Weeks after snapping up one of Chicago’s most recognizable office towers at an 85 percent discount, Kohan’s bid to reposition it may test whether bold plays, not just bargain pricing, can help reset the Loop’s struggling office market.
Kohan Retail Investment Group CEO Mike Kohan said his firm is looking for a hotel partner to lease and redevelop the mid-rise portion of 311 South Wacker Drive into a hotel with 300 keys, reviving a pre-pandemic vision once explored by previous owner Zeller Realty Group, Crain’s reported.
Kohan, best known for buying distressed malls, acquired the 65-story tower in late June for $45 million. The building last sold for $302 million in 2014.
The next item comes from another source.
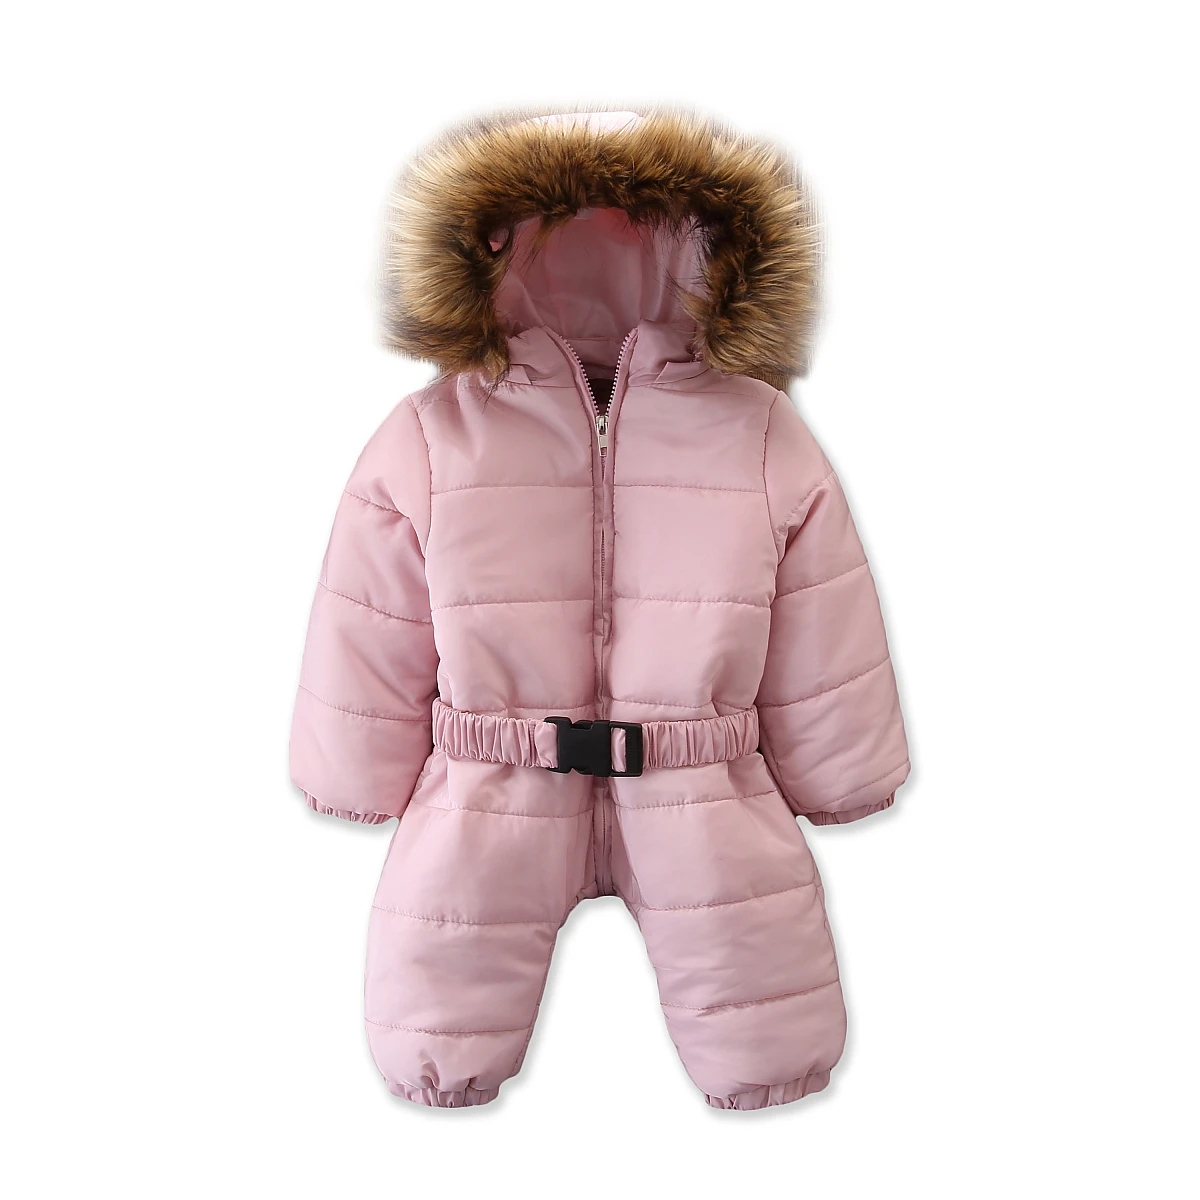 Pudcoco/ г. Зимняя теплая плотная одежда для снежной погоды зимний комбинезон-жакет для маленьких мальчиков и девочек детская верхняя одежда с капюшоном, комбинезон, пальто, наряд

Kohan’s acquisition at $35 per square foot was one of the steepest losses ever for a Chicago office building and emblematic of broader Loop distress. Zeller and Chinese investor Cindat Capital lost their equity and refinanced debt after failed attempts to sell the tower for $300 million in 2022 and $70 million earlier this year.
The proposed hotel would occupy around a dozen floors above level 32, space that’s proved especially difficult to lease due to elevator access and layout challenges. Kohan is offering a ground lease structure and hoping to hand the entire hotel buildout over to a third-party operator.
The estimated $60 million conversion would effectively pull 350,000 square feet of vacant office space off the market while generating foot traffic for the tower’s retail tenants and surrounding area.
Meanwhile Kohan is marketing the office space at discounted rates. An online listing shows rents of $23 to $30 per square foot. The average downtown rental rate is approaching $44 per square foot, according to Colliers.
The building is poised to be more than half empty once law firm Smith Gambrell & Russell exits early next year. At the start of the pandemic, it was 86 percent leased.
Adaptive reuse is a hot topic in distressed office circles. But converting part of 311 South Wacker into a hotel will be far from simple. Consultant Ted Mandigo noted that hospitality investors have cheaper, easier options in Chicago and would need to command upscale room rates to make the numbers work.